# ASSIGNMENT
Without including the images, transcribe each record precisely as it appears below.

# DATA
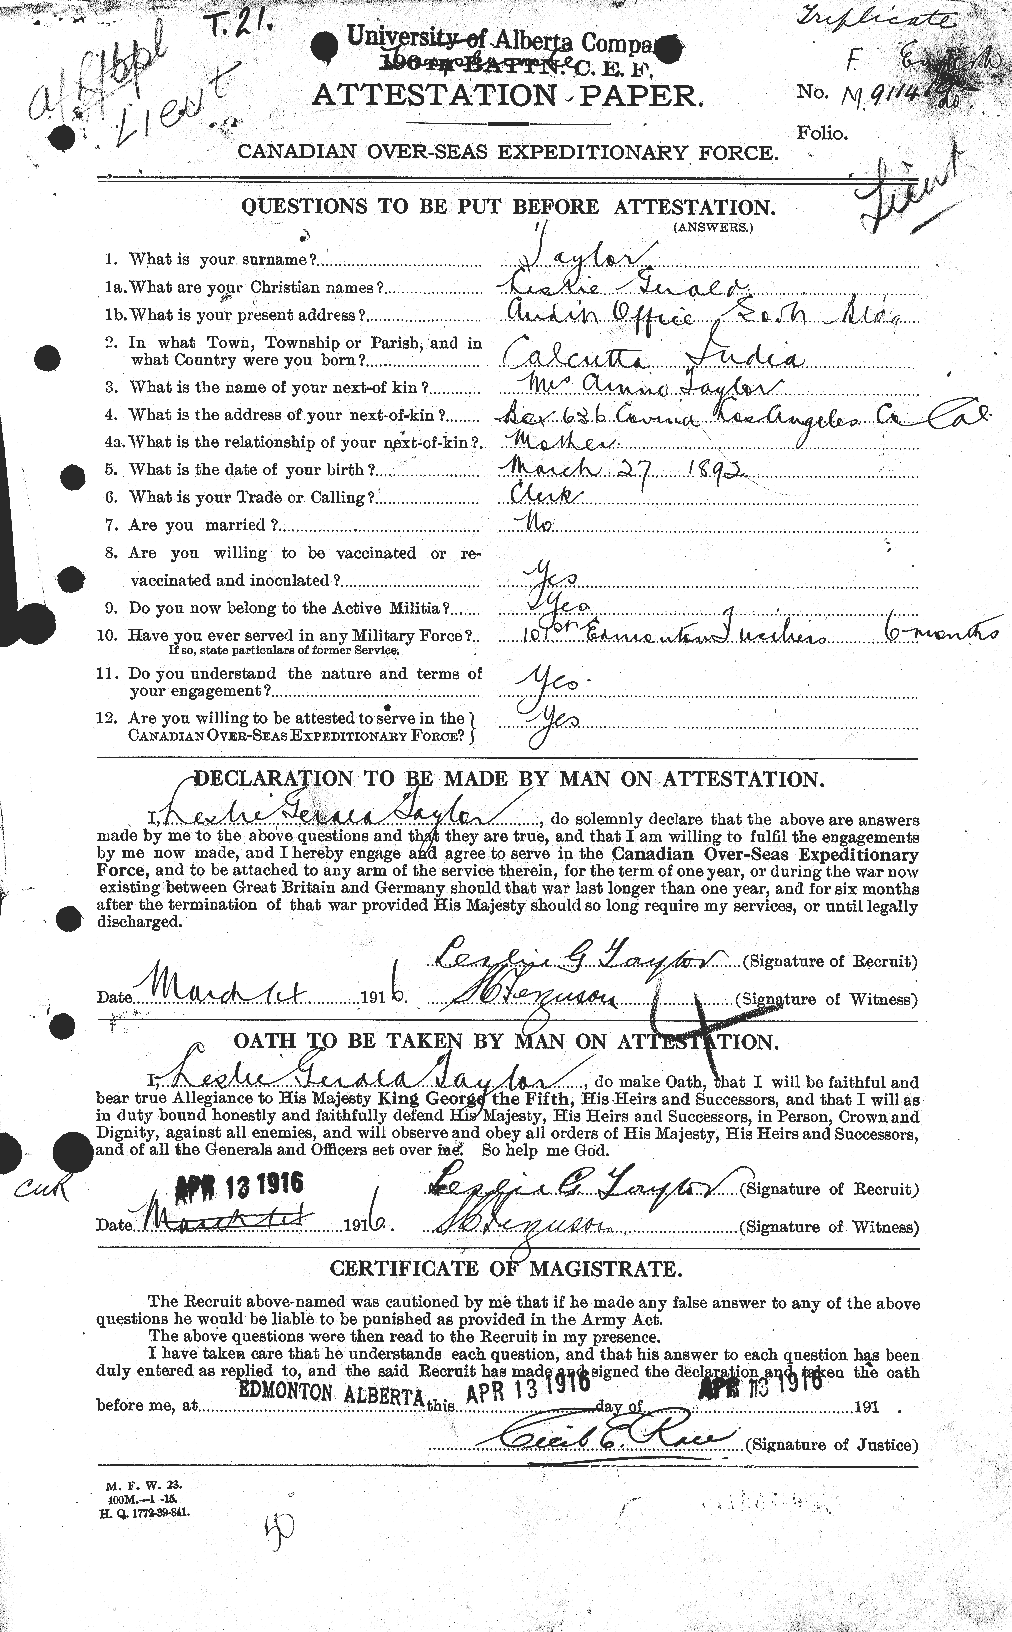 Personnel Records of the First World War - CEF 627639a
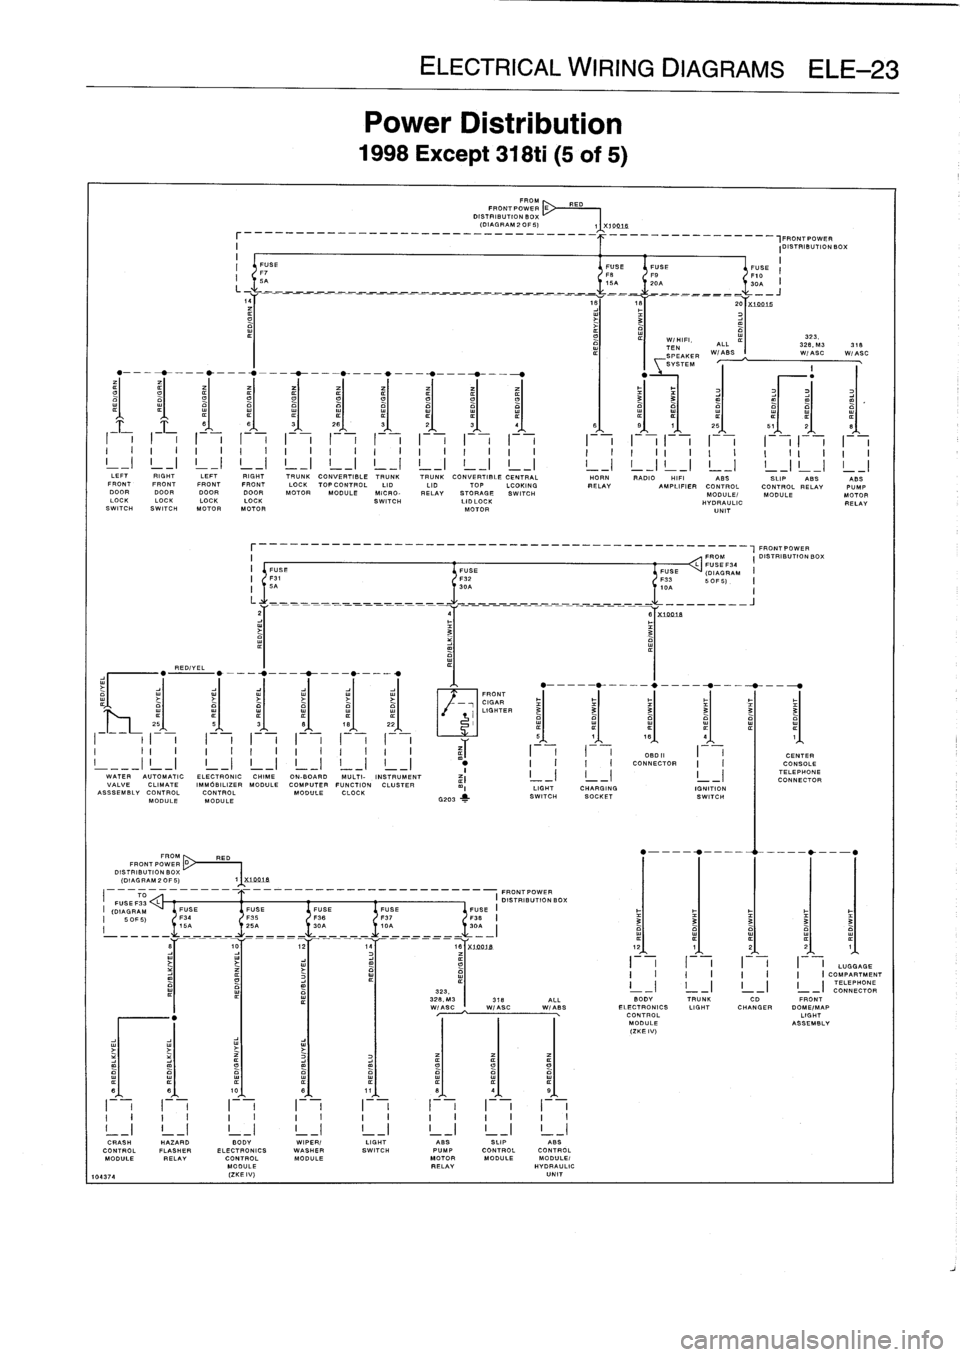 BMW 318i 1997 E36 User Guide 
REDIYEL

FROM
RED
FRONT
PO
WE
R
D~
DISTRIBUTION
BOX
(DIAGRAM
2
OF
5)

_
_
_
_
_
_
_
_
_
_
__
,FRONTPOWER
I

	

IDISTRIBUTIONBOX
I

	

II
FUSE

	

FUSEFUSE

	

FUSE
F7

	

FS

	

FO

	

F10
I
I
5A

	
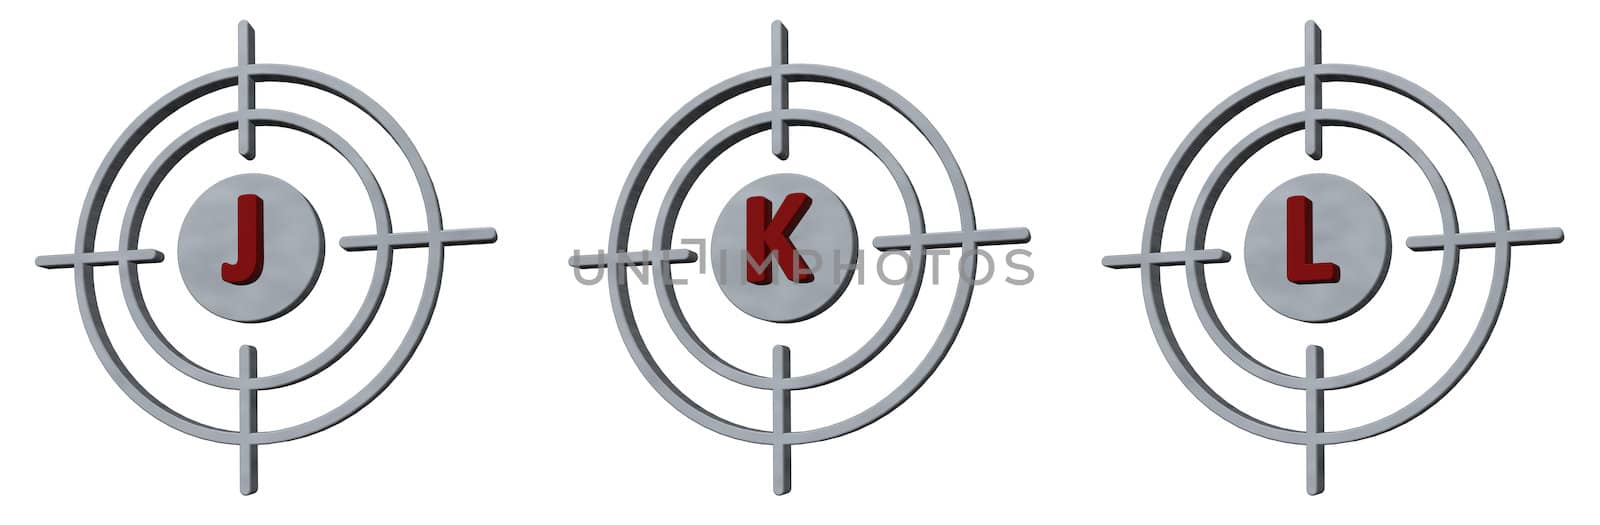 gun sights with the letters jkl on white background - 3d illustration
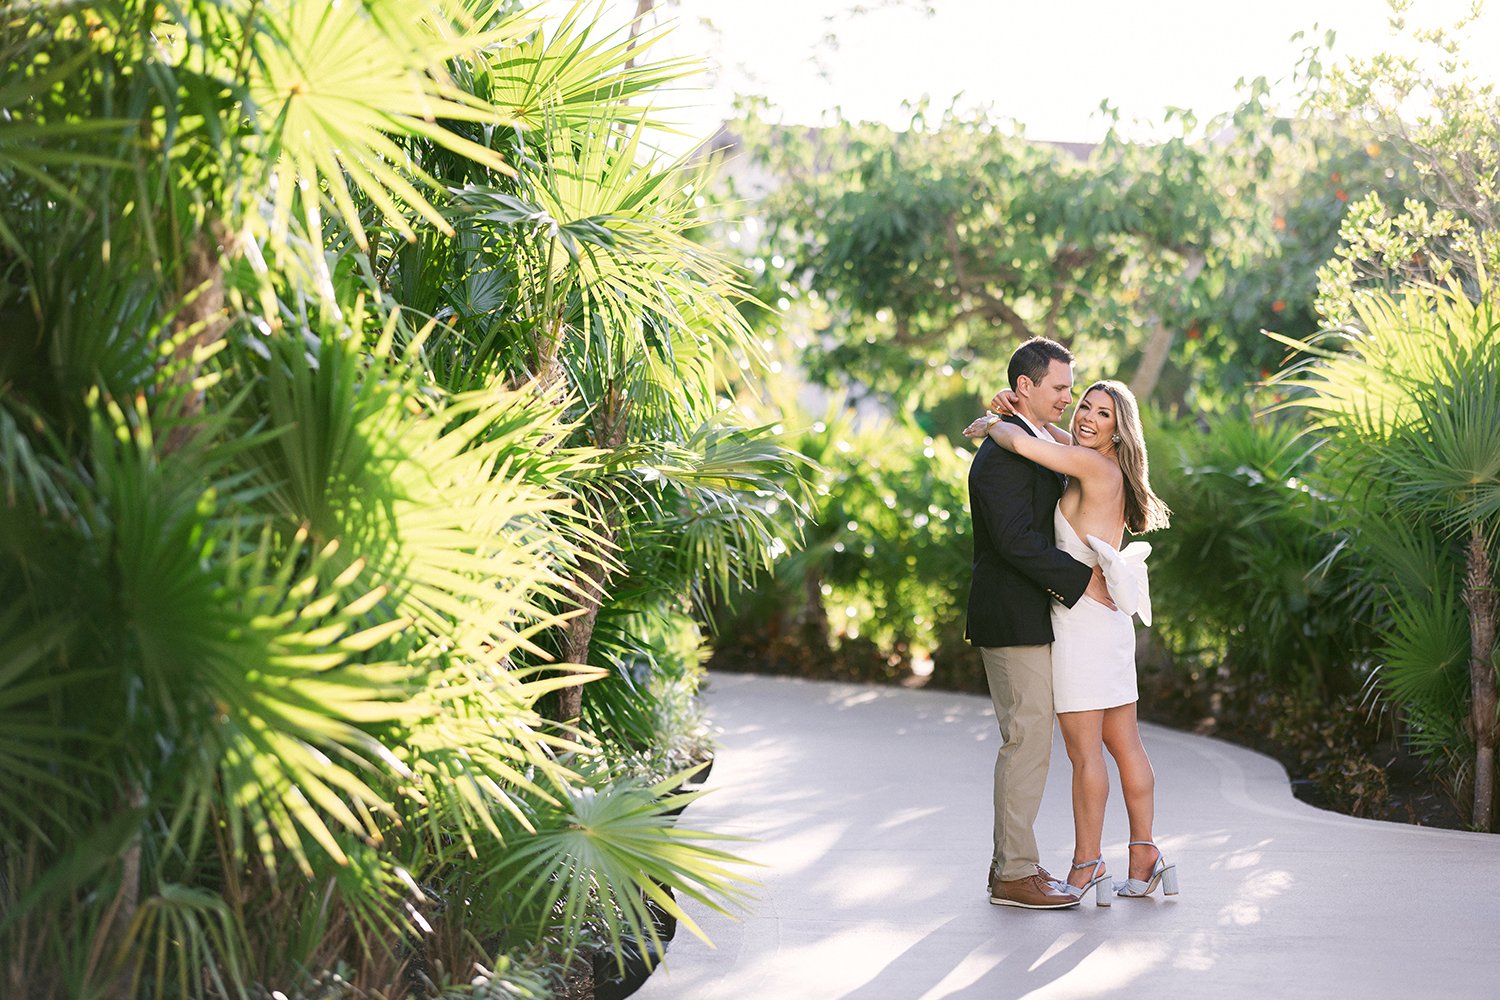 03 cute wide photography of smiling bride in white dress hugging groom with palm trees and nature behind at Dreams Riviera Cancun.JPG
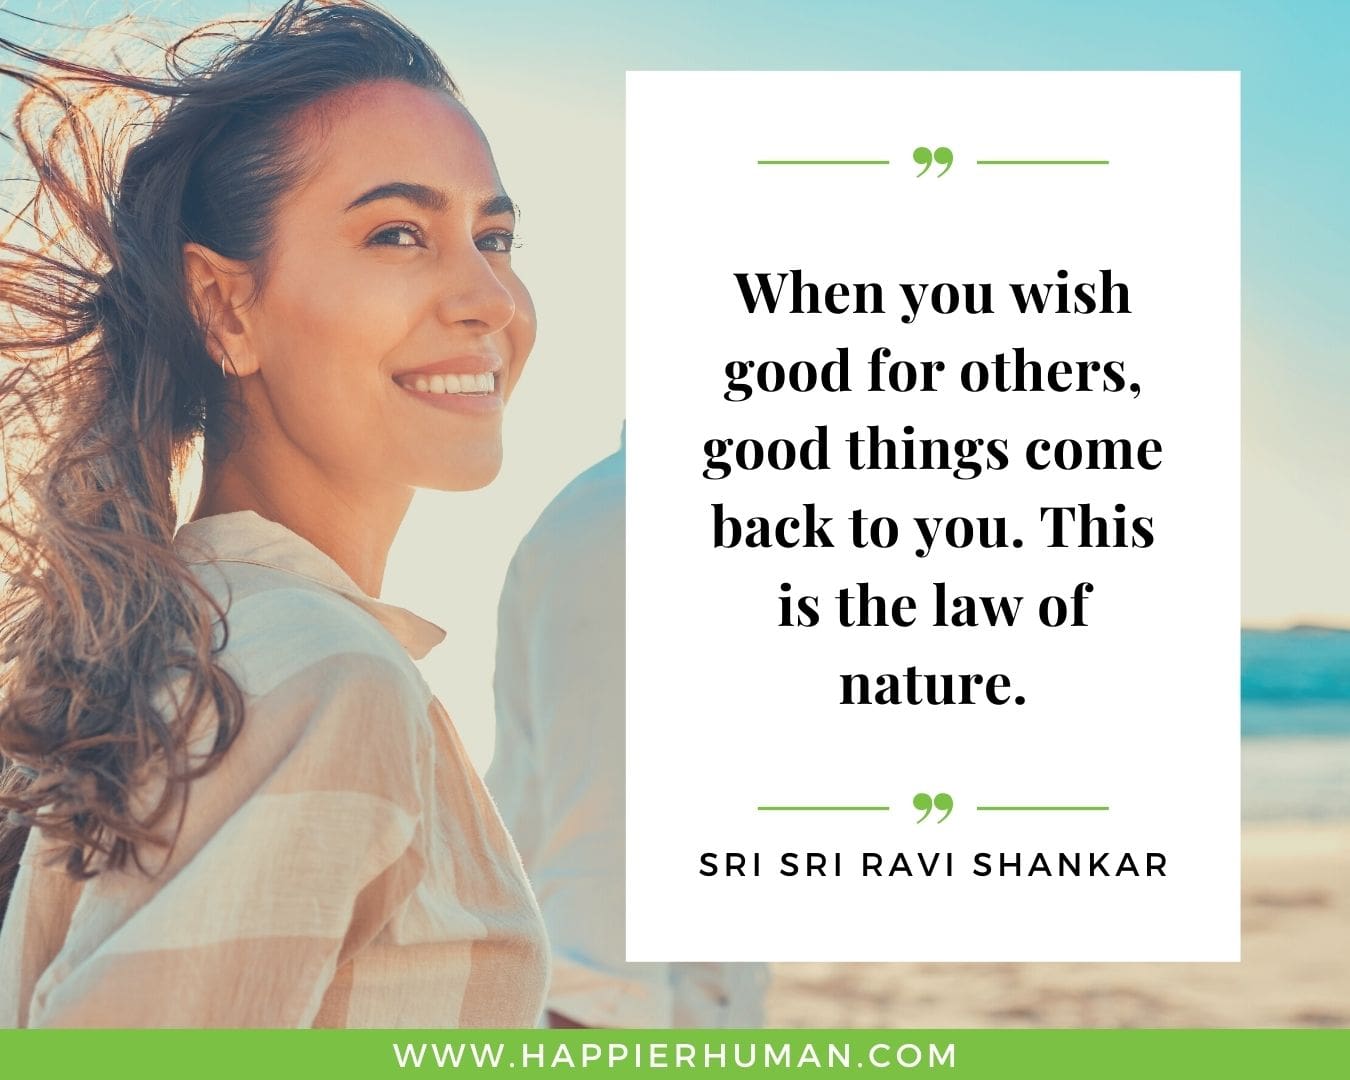 Positive Energy Quotes - “When you wish good for others, good things come back to you. This is the law of nature.” - Sri Sri Ravi Shankar

# ANSWER BOX
 Personnel Records of the First World War - CEF 627639a
 BMW 318i 1997 E36 User Guide 
REDIYEL

FROM
RED
FRONT
PO
WE
R
D~
DISTRIBUTION
BOX
(DIAGRAM
2
OF
5)

_
_
_
_
_
_
_
_
_
_
__
,FRONTPOWER
I

	

IDISTRIBUTIONBOX
I

	

II
FUSE

	

FUSEFUSE

	

FUSE
F7

	

FS

	

FO

	

F10
I
I
5A

	
 gun sights with the letters jkl on white background - 3d illustration
 03 cute wide photography of smiling bride in white dress hugging groom with palm trees and nature behind at Dreams Riviera Cancun.JPG
 Positive Energy Quotes - “When you wish good for others, good things come back to you. This is the law of nature.” - Sri Sri Ravi Shankar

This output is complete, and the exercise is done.